#### [PROBLEM TO SOLVE]
Exact transcription, pictures omitted: reproduce the listing below.

#### [DATA EXCERPT]
==========

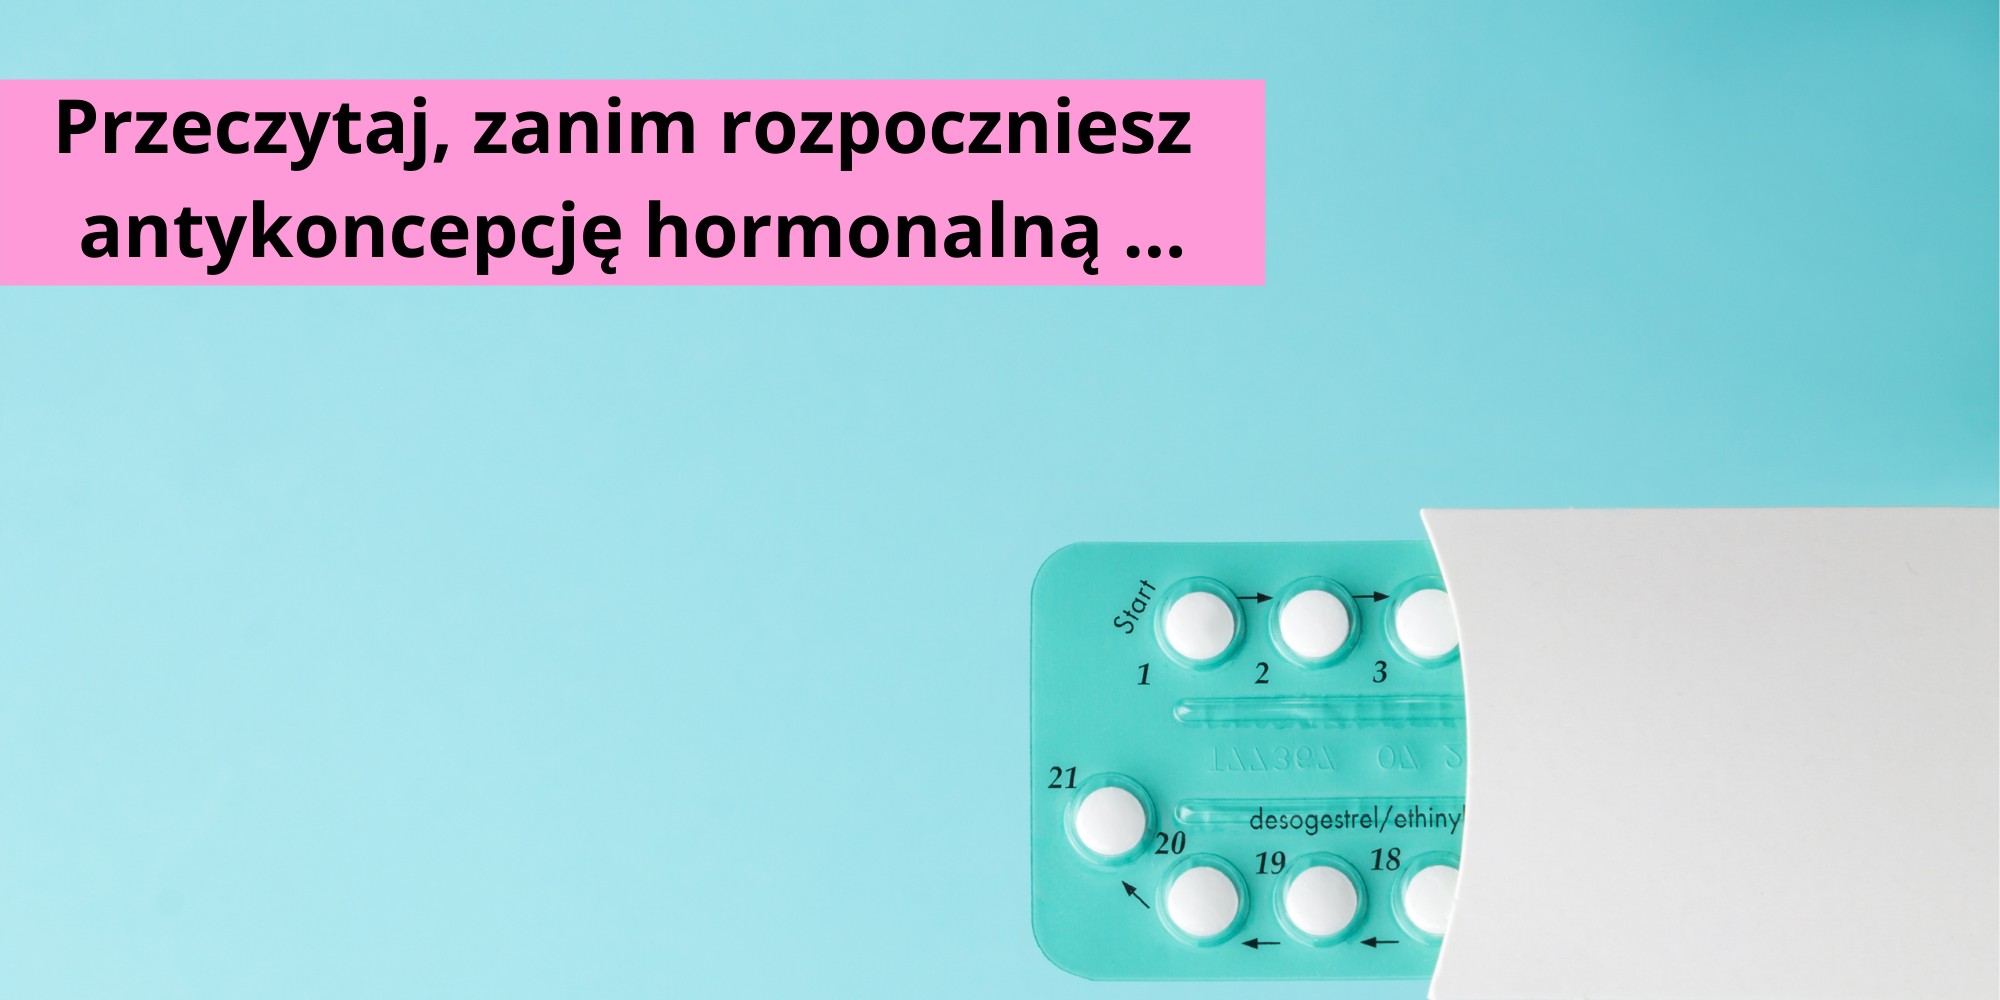 3 kroki przed rozpoczęciem antykoncepcji hormonalnej
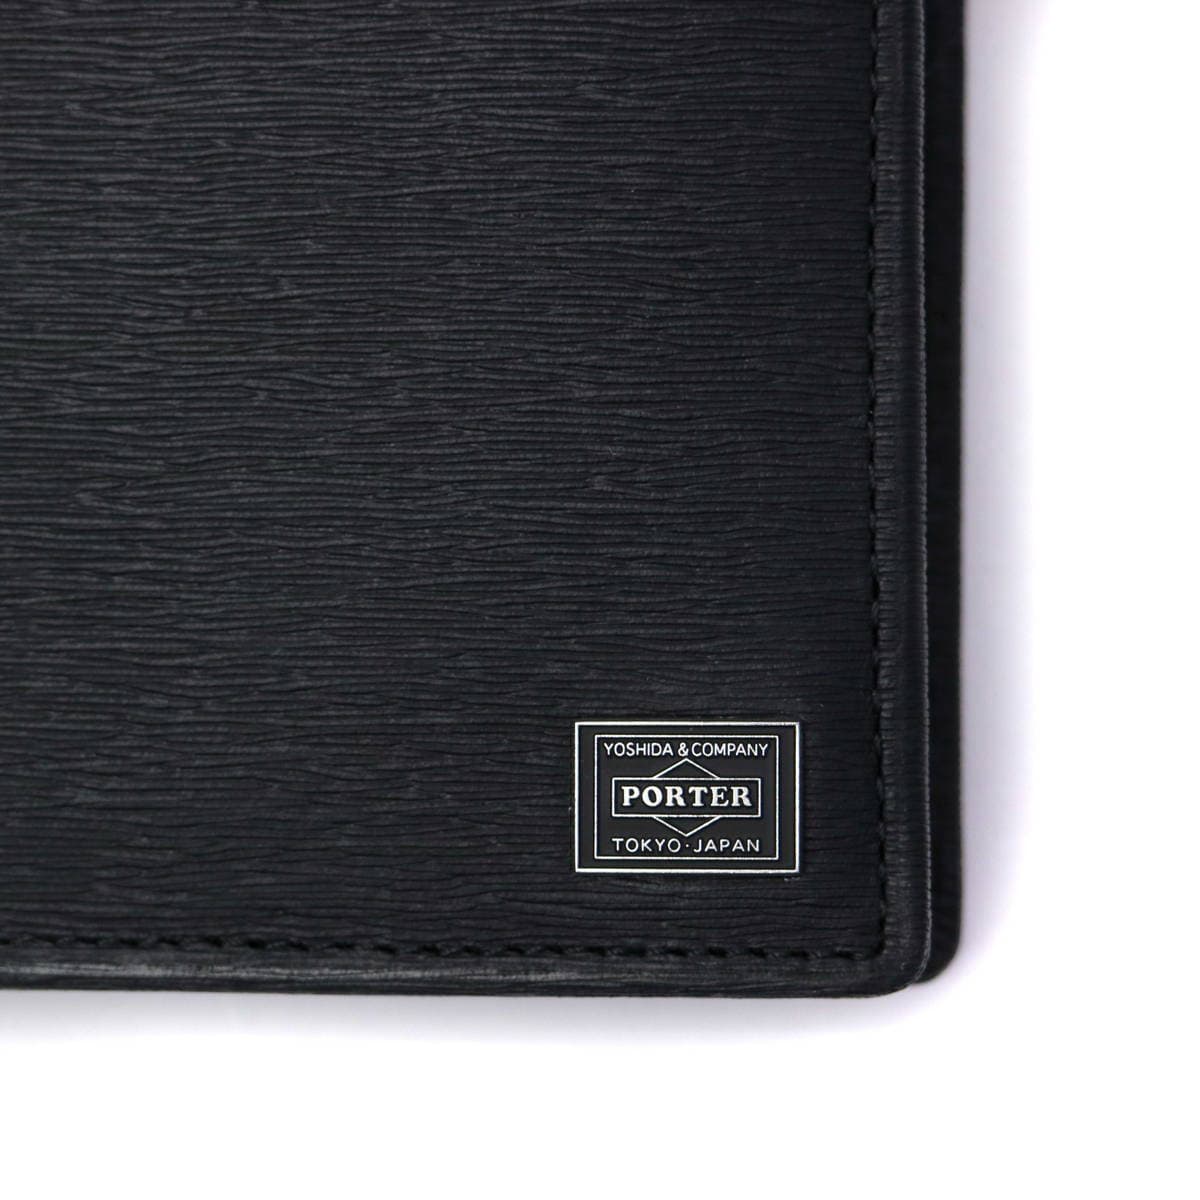 吉田カバン カレント 二つ折り財布 二層式 052-02203 ブラック
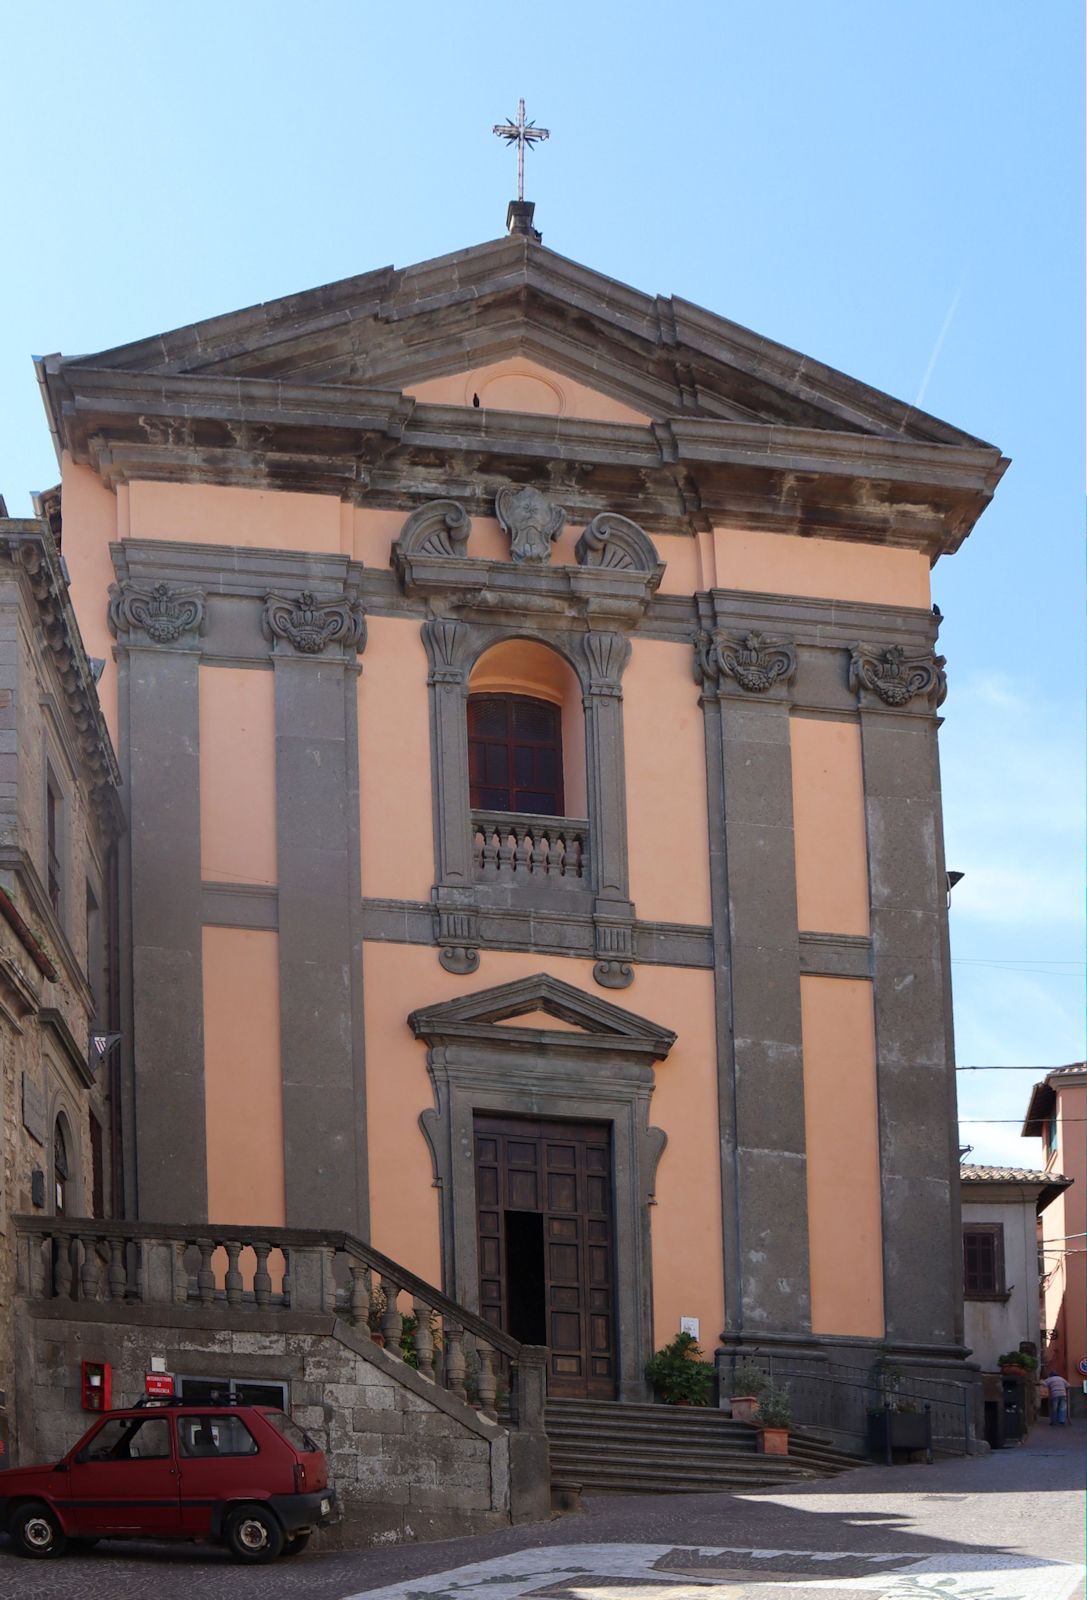 Eutitius-Kirche, früher die Kathedrale der Stadt, in Soriano nel Cimino

==========

#### [EXPECTED OUTPUT]
 3 kroki przed rozpoczęciem antykoncepcji hormonalnej
 吉田カバン カレント 二つ折り財布 二層式 052-02203 ブラック
 Eutitius-Kirche, früher die Kathedrale der Stadt, in Soriano nel Cimino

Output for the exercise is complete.